In [14]:
import os
import pickle
import json
from transformers import AutoTokenizer
from experiments.pipeline_config import PipelineConfig
from experiments.llm_autointerp.llm_query import perform_llm_autointerp, construct_llm_features_prompts
from typing import Dict

%load_ext autoreload
%autoreload 2

The autoreload extension is already loaded. To reload it, use:
  %reload_ext autoreload


In [15]:
from nnsight import LanguageModel

model = LanguageModel('EleutherAI/pythia-70m-deduped')

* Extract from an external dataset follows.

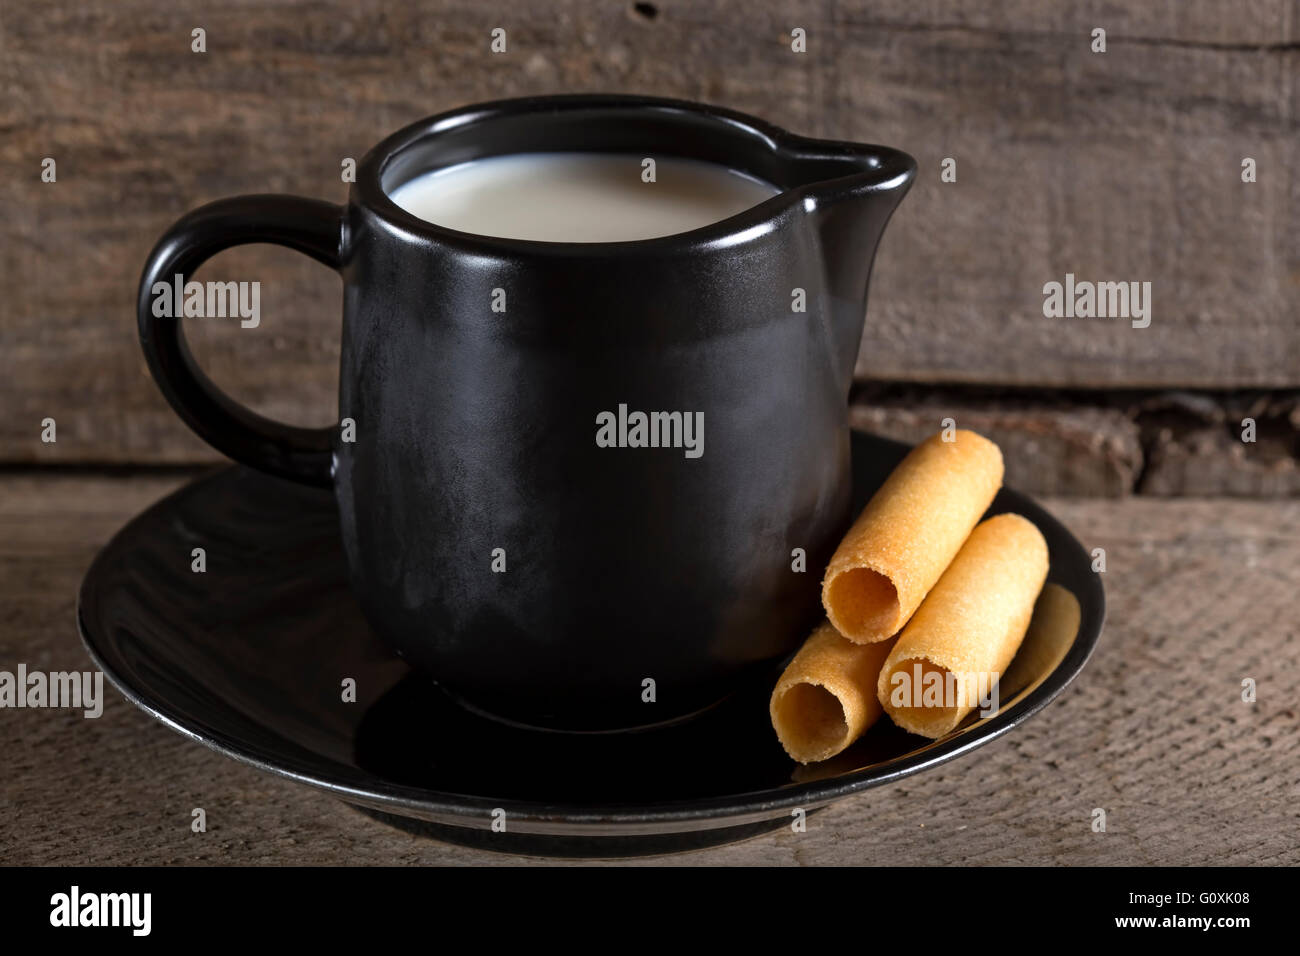 Milk cup with sweet corn rolls on plate with wooden background Stock Photo

First, run autointerp with
```python
cd experiments
python llm_autointerp/run_autointerp_can.py
```

In [16]:
# TODO create run.sh script for above to run llm_query with custom args from this notebook
# For now, manually copy hyperparameters here
repo_dir = os.path.abspath(os.path.join(os.getcwd(), "../.."))
ae_path = "dictionary_learning/dictionaries/autointerp_test_data/pythia70m_sweep_topk_ctx128_0730/resid_post_layer_3/trainer_2"
ae_path = os.path.abspath(os.path.join(repo_dir, ae_path))

In [17]:
# To save the raw llm output when querying llm, set DEBUG=True
with open(os.path.join(ae_path, "raw_llm_outputs.json"), "r") as f:
    raw_llm_outputs = json.load(f)

with open(os.path.join(ae_path, "extracted_json_llm_outputs.json"), "r") as f:
    extracted_json_llm_outputs = json.load(f)

with open(os.path.join(ae_path, "node_effects.pkl"), "rb") as f:
    node_effects_classprobe = pickle.load(f)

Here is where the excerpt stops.